Business activity plummets, but markets rally on Fed support

A woman walks on empty tram rails in Lyon, central France, Monday, March 23, 2020. French citizens are only allowed to leave their homes for necessary...

A woman walks on empty tram rails in Lyon, central France, Monday, March 23, 2020. French citizens are only allowed to leave their homes for necessary...

LONDON (AP) — Europe's economy could shrink by some 10% this year as efforts to contain the spread of the virus outbreak cause a collapse in commercial activity. Yet markets were up sharply on Monday - extending weeks of stunning volatility - as investors digested the extent of the financial support provided by the Federal Reserve this week.

Here's a look at the latest developments as the coronavirus outbreak tears through the world economy.

BUSINESS ACTIVITY: A closely watched measure of business activity in the 19-country eurozone has fallen at the sharpest pace since it began in 1998.

The Purchasing Managers' Index, a gauge of business executives' outlook on the economy, fell to 31.4 points in March from 51.6 in February as governments put limits on business activity.

The index, which is compiled by research firm IHS Markit, is below the trough registered during the global financial crisis in 2009. The 50-point level separates economic growth from contraction.
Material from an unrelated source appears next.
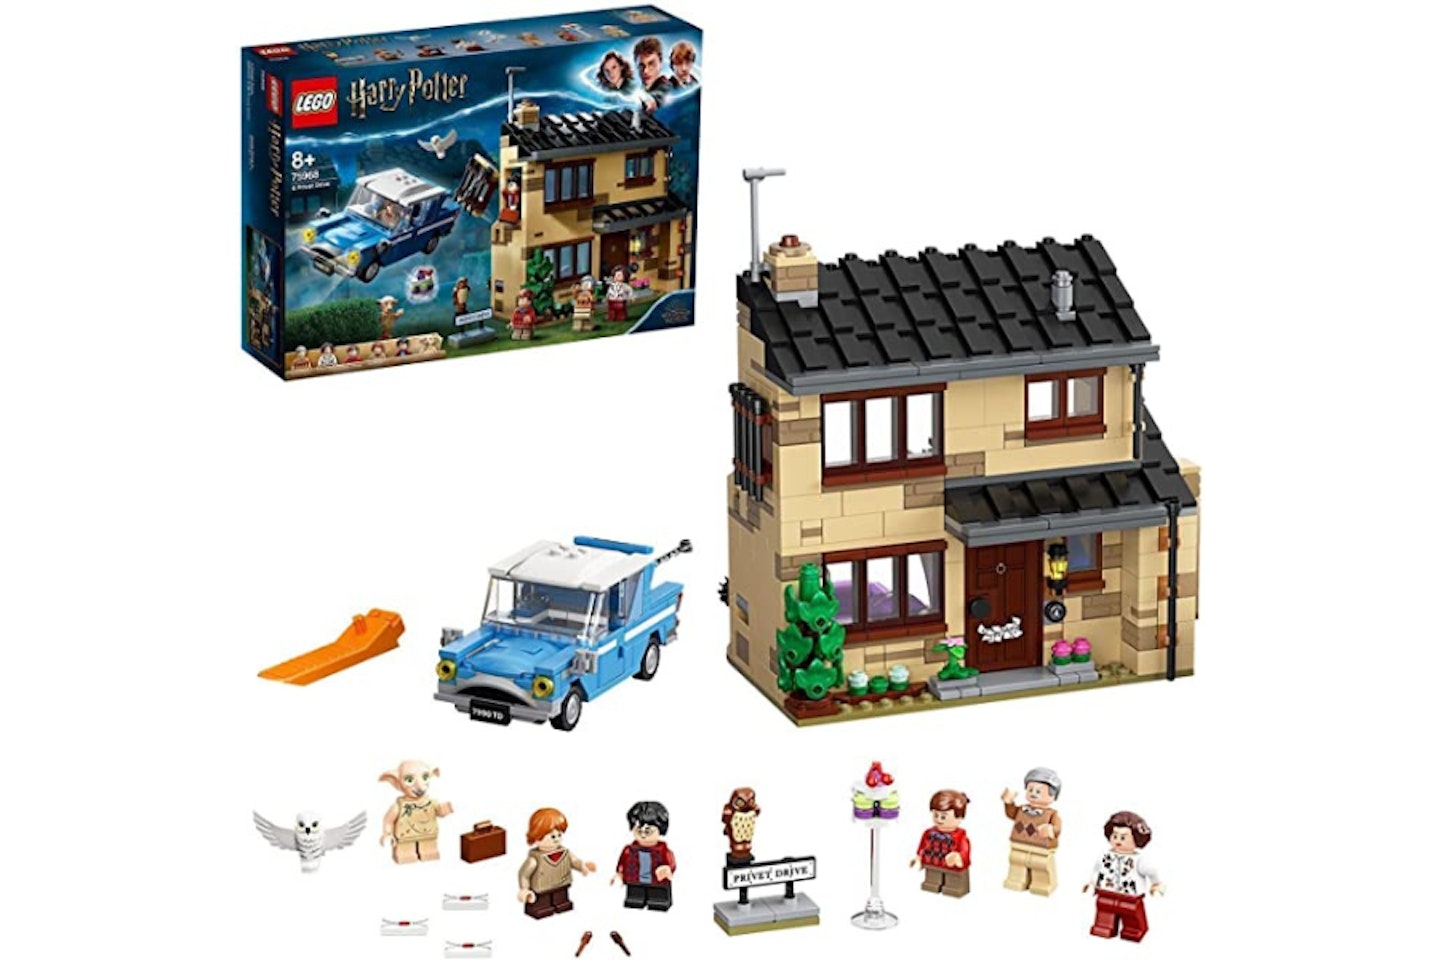 LEGO 75968 Harry Potter 4 Privet Drive House and Ford Anglia Car Toy

The services sector took the biggest hit, particularly tourism and restaurants, with companies cutting jobs at the fastest pace since 2009.

Chris Williamson, chief business economist at IHS Markit, says the survey suggests a quarterly economic contraction of 2%, or over 8% in annualized terms, though that forecast is likely to worsen.

In Japan, a measure of factory activity in the country fell to its lowest level since 2009. The preliminary version of this month's Jibun Manufacturing Purchasing Managers' Index fell to 44.8 points from February's 47.8.

FINANCIAL MARKETS: Global stock markets are higher after the U.S. Federal Reserve promised economic support as Congress delayed action on a $2 trillion aid package.

Benchmarks in London and Frankfurt opened higher and Tokyo added more than 7%. Shanghai, Hong Kong and Paris also gained. Futures trading on Wall Street was halted after they rose by the maximum 5%.

The Fed said it would buy as much Treasury debt and other assets as needed to keep financial markets functioning. That helped to offset unease over the failure of an aid bill in Congress that Democrats said favors companies at the expense of workers and public health. Wall Street and other stock markets have lost as much as one-third of their value over the past month.